● **PROBLEM**
Leaving out every picture, output the records below exactly as they are.
BEGIN
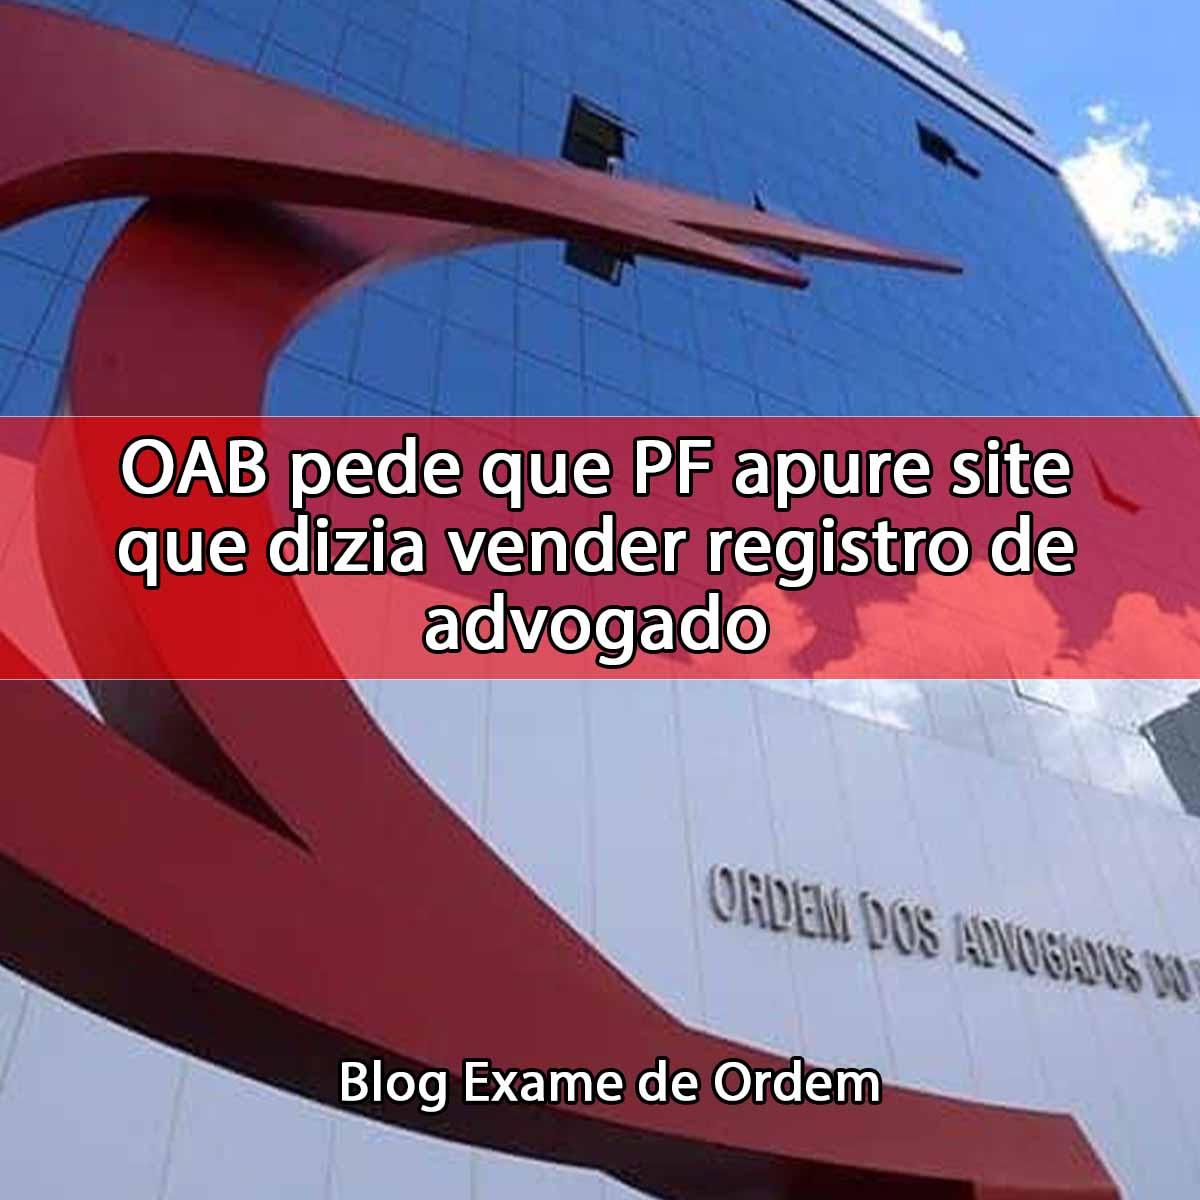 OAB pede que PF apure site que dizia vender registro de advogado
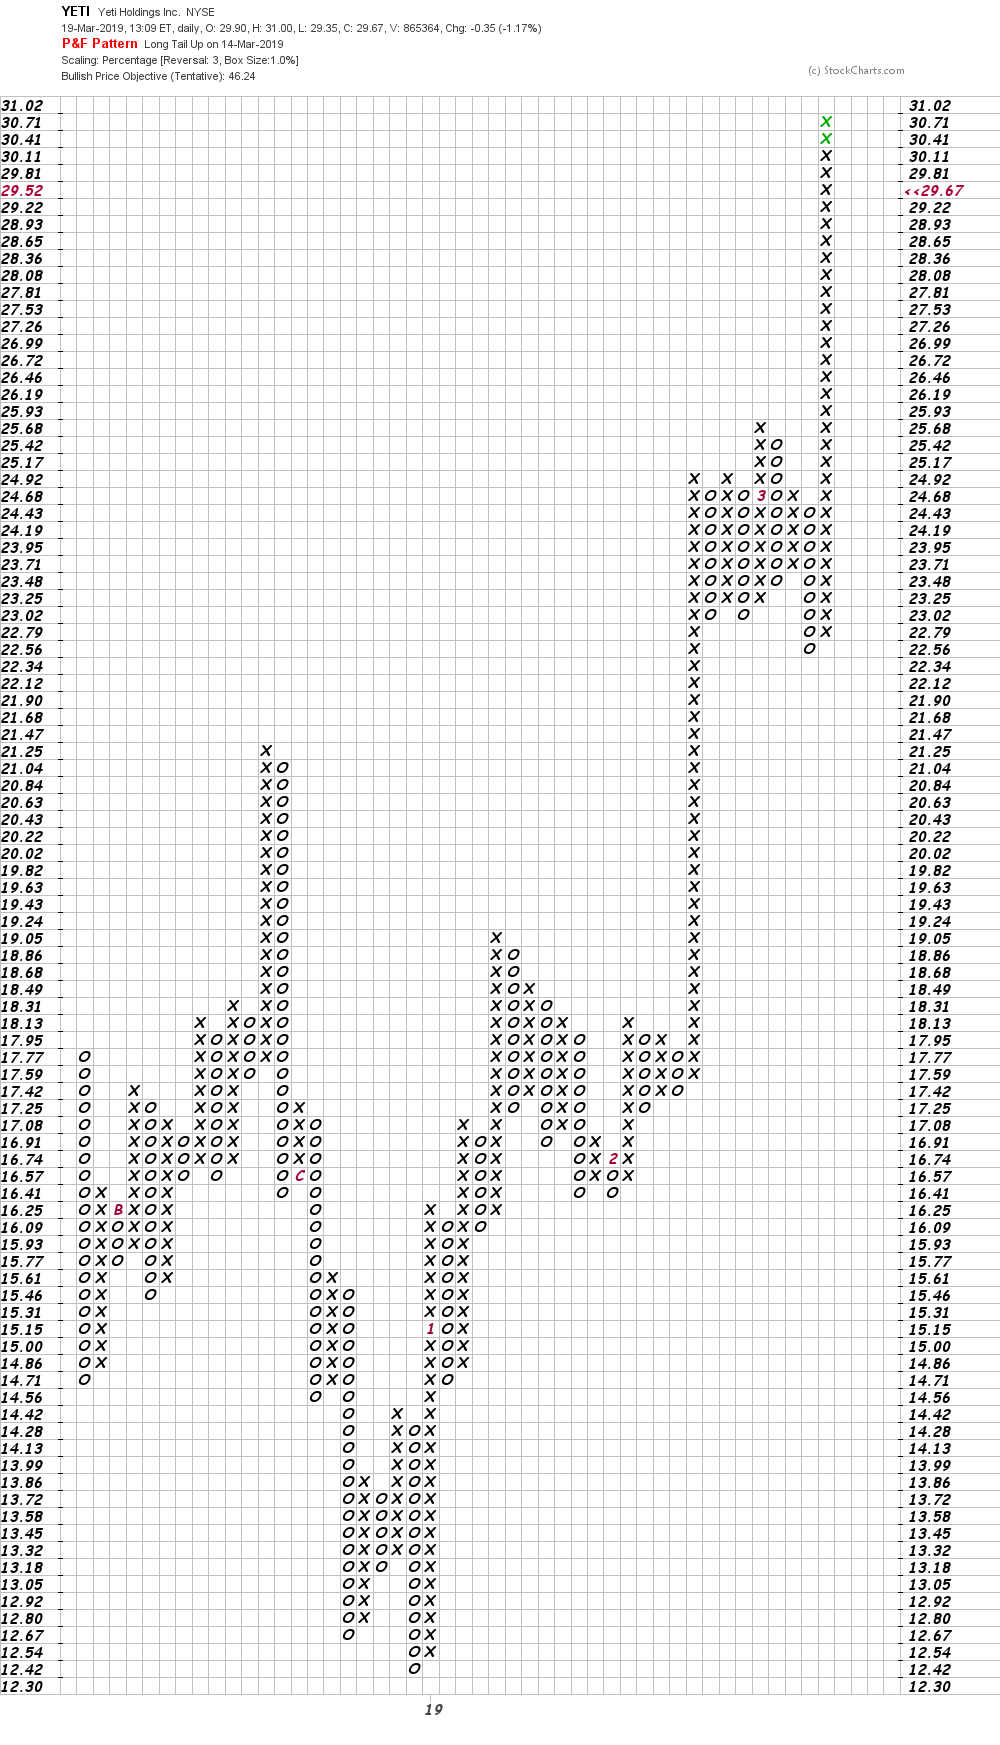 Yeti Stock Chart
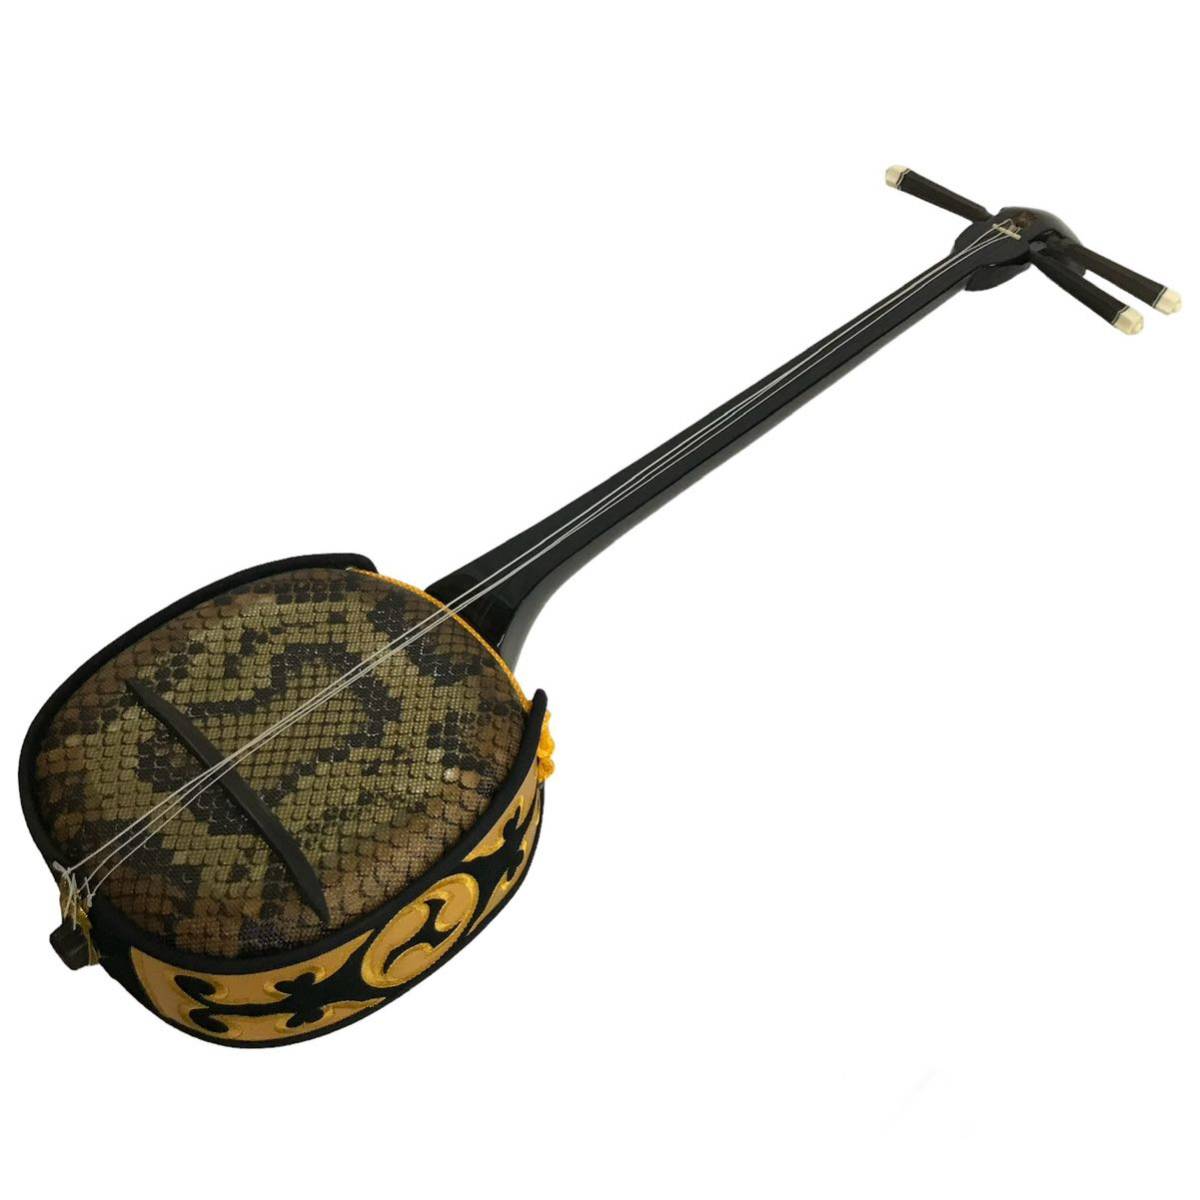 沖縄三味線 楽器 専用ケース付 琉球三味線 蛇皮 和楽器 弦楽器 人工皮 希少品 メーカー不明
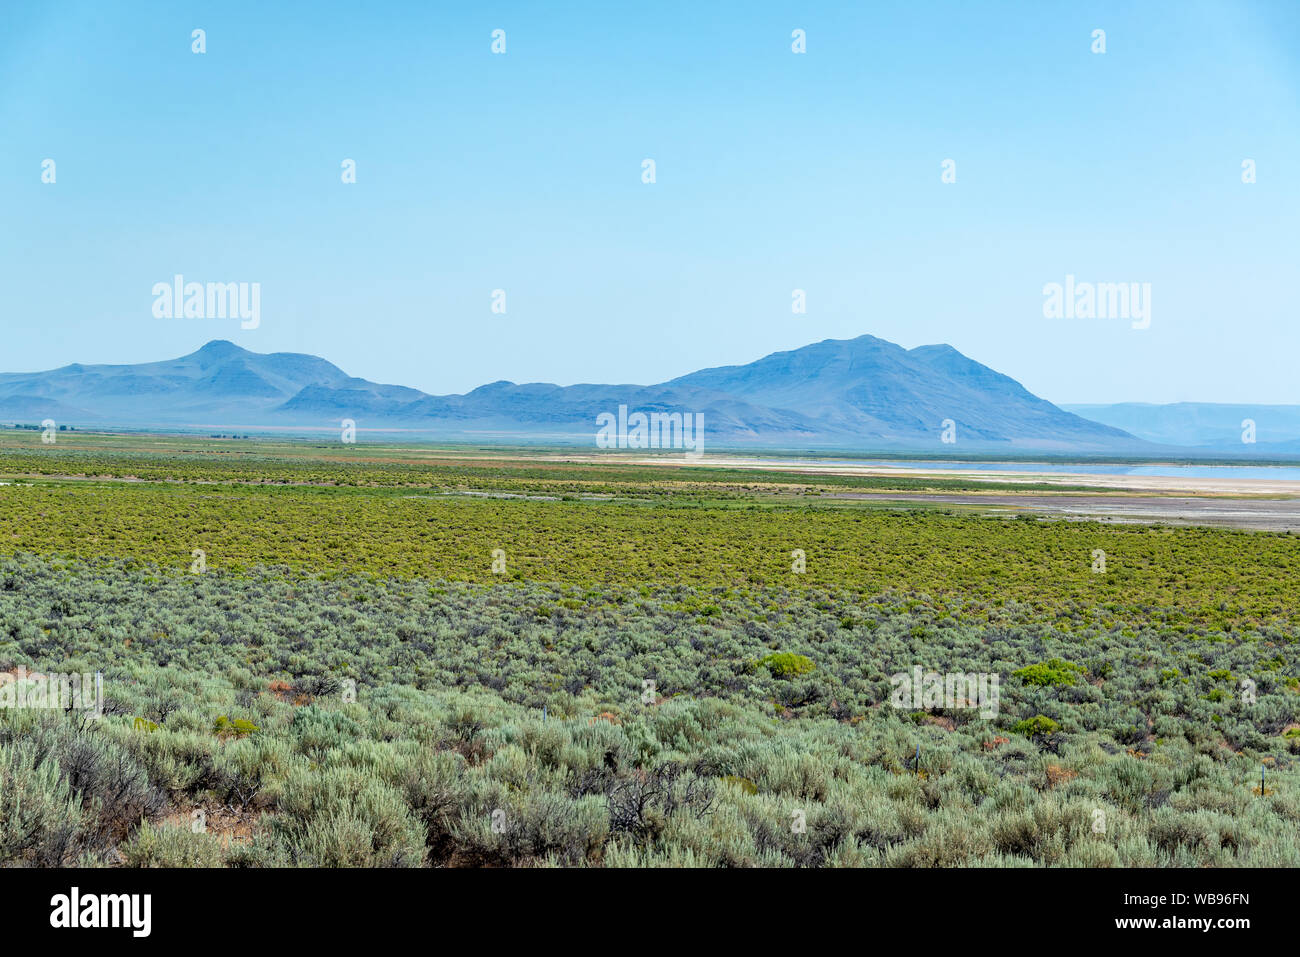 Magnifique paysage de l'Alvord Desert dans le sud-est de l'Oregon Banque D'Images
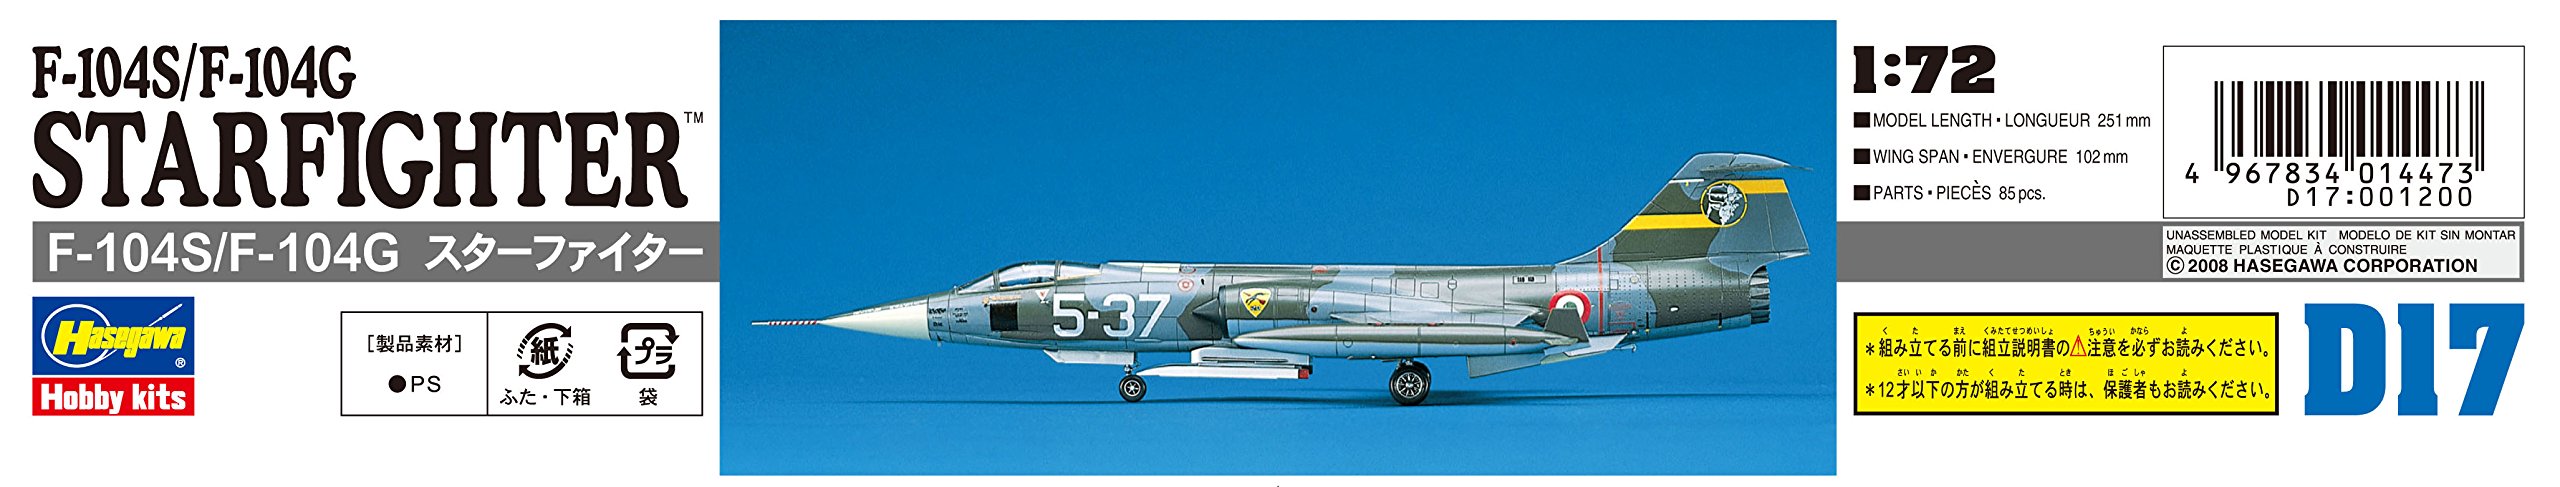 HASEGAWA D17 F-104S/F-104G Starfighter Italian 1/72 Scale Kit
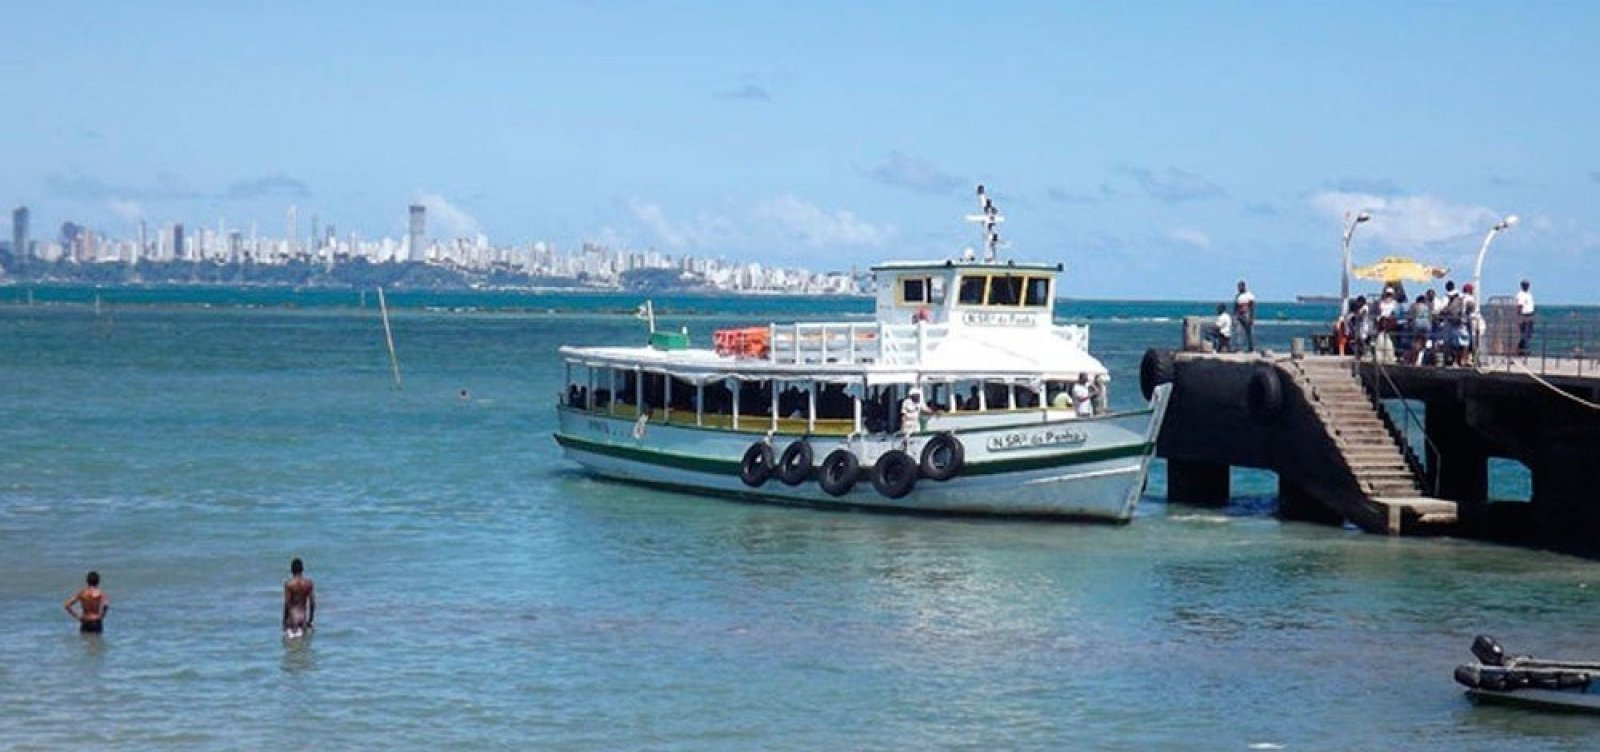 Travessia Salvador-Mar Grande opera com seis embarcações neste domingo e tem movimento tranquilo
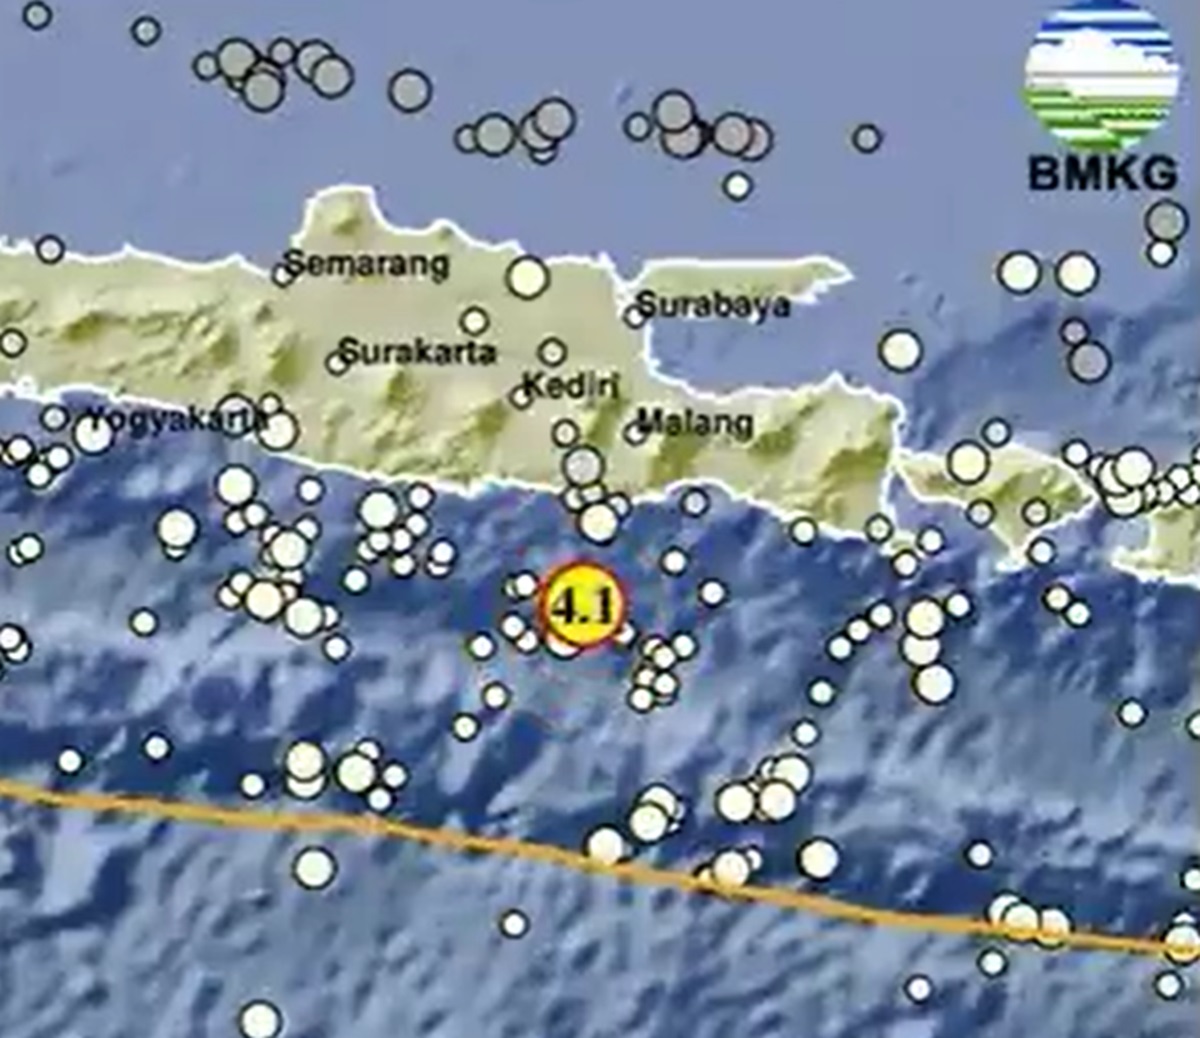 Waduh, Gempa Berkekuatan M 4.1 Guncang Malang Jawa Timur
END
● **RESULT**
 OAB pede que PF apure site que dizia vender registro de advogado
 Yeti Stock Chart
 沖縄三味線 楽器 専用ケース付 琉球三味線 蛇皮 和楽器 弦楽器 人工皮 希少品 メーカー不明
 Magnifique paysage de l'Alvord Desert dans le sud-est de l'Oregon Banque D'Images
 HASEGAWA D17 F-104S/F-104G Starfighter Italian 1/72 Scale Kit
 Travessia Salvador-Mar Grande opera com seis embarcações neste domingo e tem movimento tranquilo
 Waduh, Gempa Berkekuatan M 4.1 Guncang Malang Jawa Timur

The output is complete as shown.